Moving on to the evaluation of Adobe Photoshop and Adobe Lightroom, we find the normal mode configuration of the NUC BOX-1360P/D5 performing similar to the Arena Canyon NUC while consuming lesser energy. From a raw performance viewpoint, the 40W PL1 setting is enough to make the system climb up to the top spot.
UL Procyon evaluates performance for video editing using Adobe Premier Pro.The two operating modes of the NUC BOX-1360P/D5 hold on to the top two spots.
In terms of energy consumption, the DDR5 configuration in the Normal mode manages to be the most efficient of the lot.
BAPCo CrossMark 1.0.1.86
BAPCo's CrossMark aims to simplify benchmark processing while still delivering scores that roughly tally with SYSmark. The main advantage is the cross-platform nature of the tool - allowing it to be run on smartphones and tablets as well.
BAPCo CrossMark 1.0.1.86 - Sub-Category Scores | |||
The two modes of the NUC BOX-1360P/D5 take the top two spots, but the performance of the DDR5 configuration is quite similar to the DDR4 ones. Since CrossMark attempts to consolidate different workloads together without idle time intervals and play it back in a non-real-time environment, it is not entirely representative of real-world performance like SYSmark 25.
System Performance: Miscellaneous Workloads
Standardized benchmarks such as UL's PCMark 10 and BAPCo's SYSmark take a holistic view of the system and process a wide range of workloads to arrive at a single score. Some systems are required to excel at specific tasks - so it is often helpful to see how a computer performs in specific scenarios such as rendering, transcoding, JavaScript execution (web browsing), etc. This section presents focused benchmark numbers for specific application scenarios.
3D Rendering - CINEBENCH R23
We use CINEBENCH R23 for 3D rendering evaluation. R23 provides two benchmark modes - single threaded and multi-threaded. Evaluation of different PC configurations in both supported modes provided us the following results.
Intel's Arena Canyon NUC calls the shots in the CINEBENCH workloads - both in the single-threaded and multi-threaded versions. The NUC BOX-1360P/D5 manages to sneak in to the second spot, but surprisingly does it in the normal mode (28W PL1) for the single-threaded case, and in the performance mode (40W PL1) for the multi-threaded one.

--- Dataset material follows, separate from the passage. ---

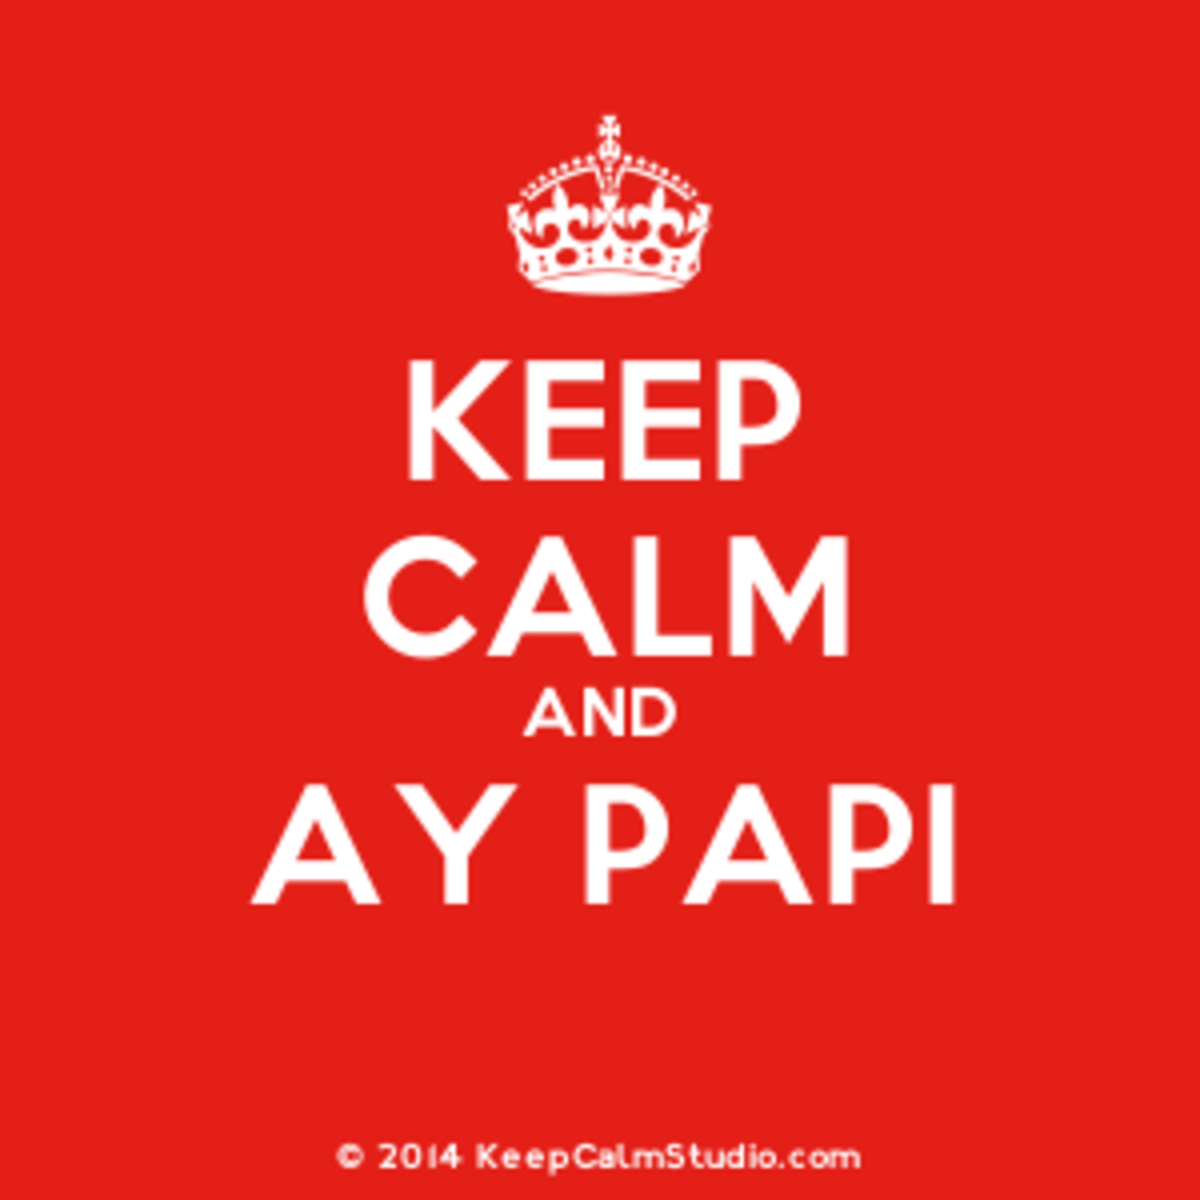 AY PAPI!!!

Transcoding: Handbrake 1.5.1
Handbrake is one of the most user-friendly open source transcoding front-ends in the market. It allows users to opt for either software-based higher quality processing or hardware-based fast processing in their transcoding jobs. Our new test suite uses the 'Tears of Steel' 4K AVC video as input and transcodes it with a quality setting of 19 to create a 720p AVC stream and a 1080p HEVC stream.
Intel's Arena Canyon NUC again has the upper hand over the NUC BOX-1360P/D5 in both software transcoding cases. Additionally, the presence of eight high-performance cores in the 4X4 BOX-7735U makes it an excellent performance in the x265 case. In both workloads, the 40W PL1 setting handily outperforms the 28W PL1 setting for the NUC BOX-1360P/D5 - just as one would expect.
Hardware transcoding frame rates within the same GPU generation are a matter of clock rates and power budget. Here, we see the NUC BOX-1360P/D5 and Arena Canyon NUCs performing very similar to each other, with the 40W PL1 setting not providing the former with any significant advantage.
Archiving: 7-Zip 21.7
The 7-Zip benchmark is carried over from our previous test suite with an update to the latest version of the open source compression / decompression software.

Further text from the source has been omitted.